Notebooks

## Transducers

03 Mar 2004 16:20

The basic idea of a transducer is that it turns one sort of quantity, its inputs, into another, its outputs. The general case to consider is one where both inputs and outputs are time-series, and the current output is a function not just of the current input but of the whole history of previous inputs (when the output is a "functional" of the input series). One way of representing this is to say that the transducer itself has internal or hidden states. The output is a function of the state of the transducer, and that hidden state is in turn a function of the input history. We don't have to do things this way, but it can potentially give us a better handle on the structure of the transduction process, and especially on the way the transducer stores and processes information --- what (to anthropomorphize a little) it cares about in the input and remembers about the past.

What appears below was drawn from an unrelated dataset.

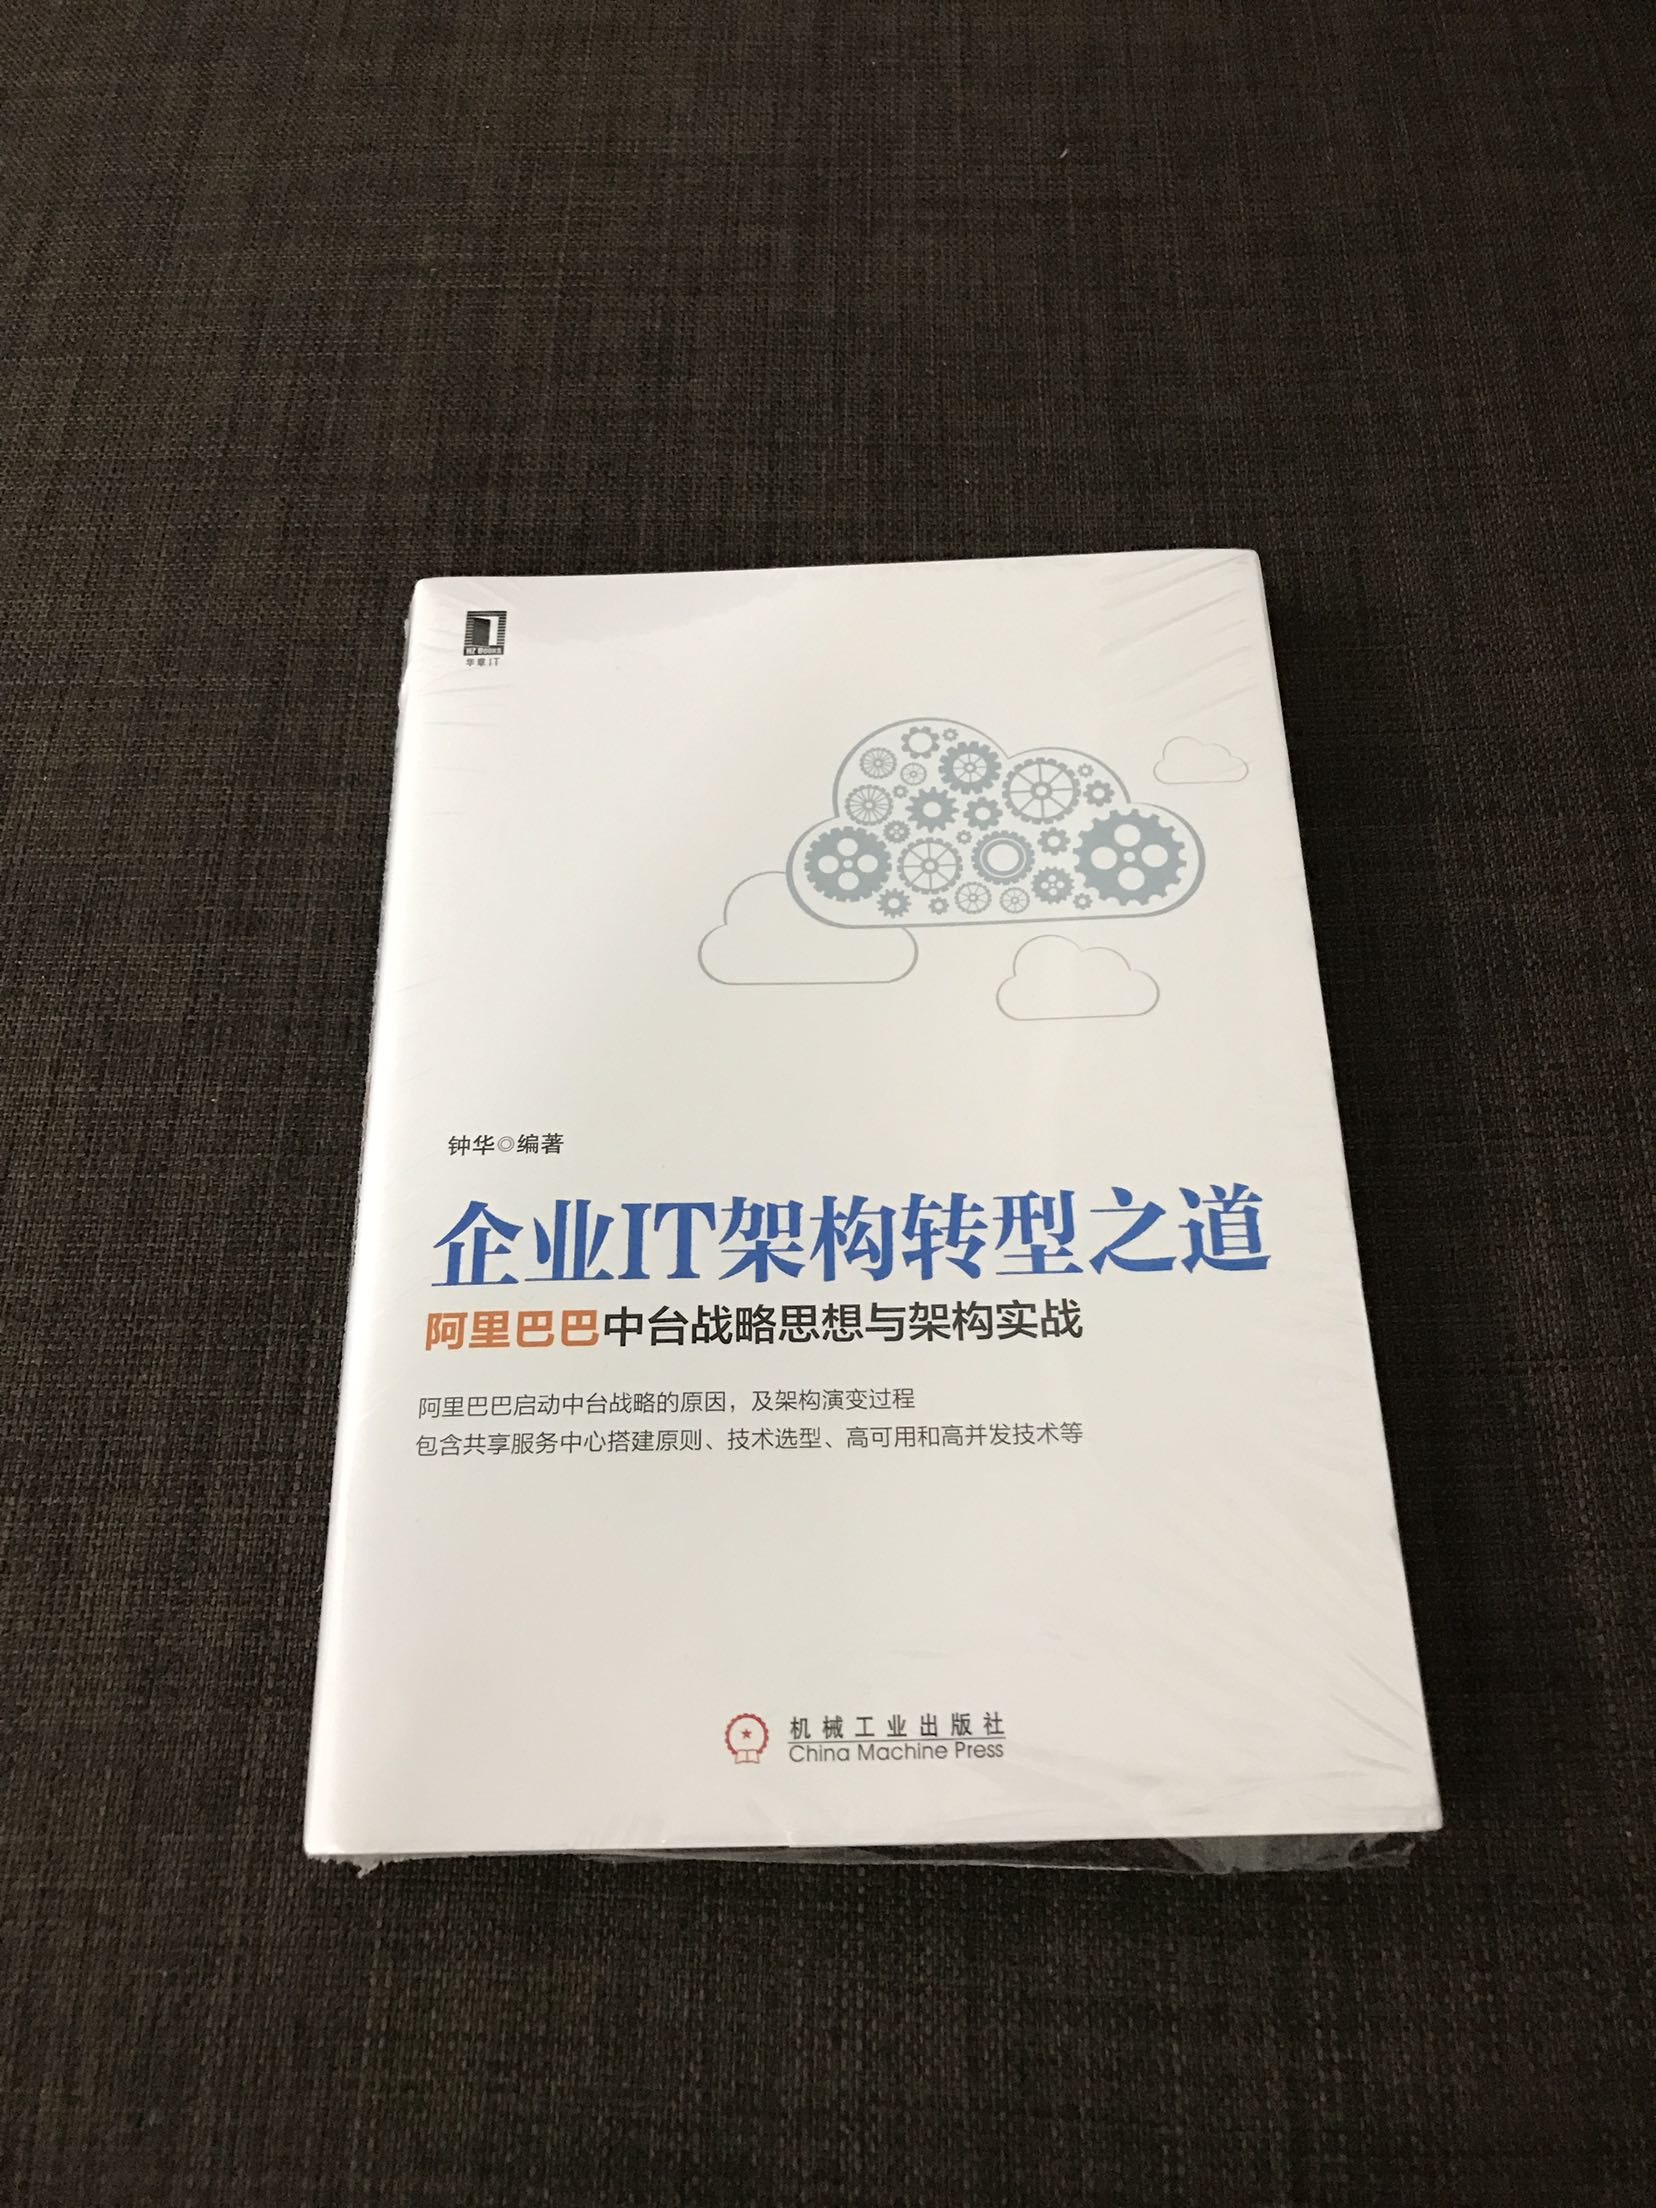 一本不错的描述阿里巴巴IT架构转型的书，对架构演进介绍得比较详尽，推荐之。

Finite-state transducers are a computer science idea; they also call them "sequential machines," though I don't see why that name wouldn't also apply to many other things they study. In this case both the input and the output series consist of sequences of symbols from (possibly distinct) finite alphabets. Moreover there are only a finite number of internal states. The two main formalisms (which can be shown to be equivalent) differ only on whether the next output is a function of the current state alone, or is a function of the current state and the next input. While you can describe a huge chunk of electronic technology using this formalism, CS textbooks are curiously reluctant to give it much attention.

Part of my dissertation involved working the computational-mechanics voodoo on transducers. Just as in the case of time series, one can construct optimal, minimal models of the transduction process from joint data on the inputs and outputs. These models tell us directly about the causal/computational structure of the process, admittedly in a somewhat abstract form; they are also, statistically speaking, minimal sufficient statistics which can be recursively estimated. I fondly imagine that there are big chunks of biology these things could help us understand, such as neural coding and cellular signal transduction.

Things to figure out: What is the work on inferring internal states (in continuous systems) from inputs? From inputs and outputs? Applications of grammatical inference.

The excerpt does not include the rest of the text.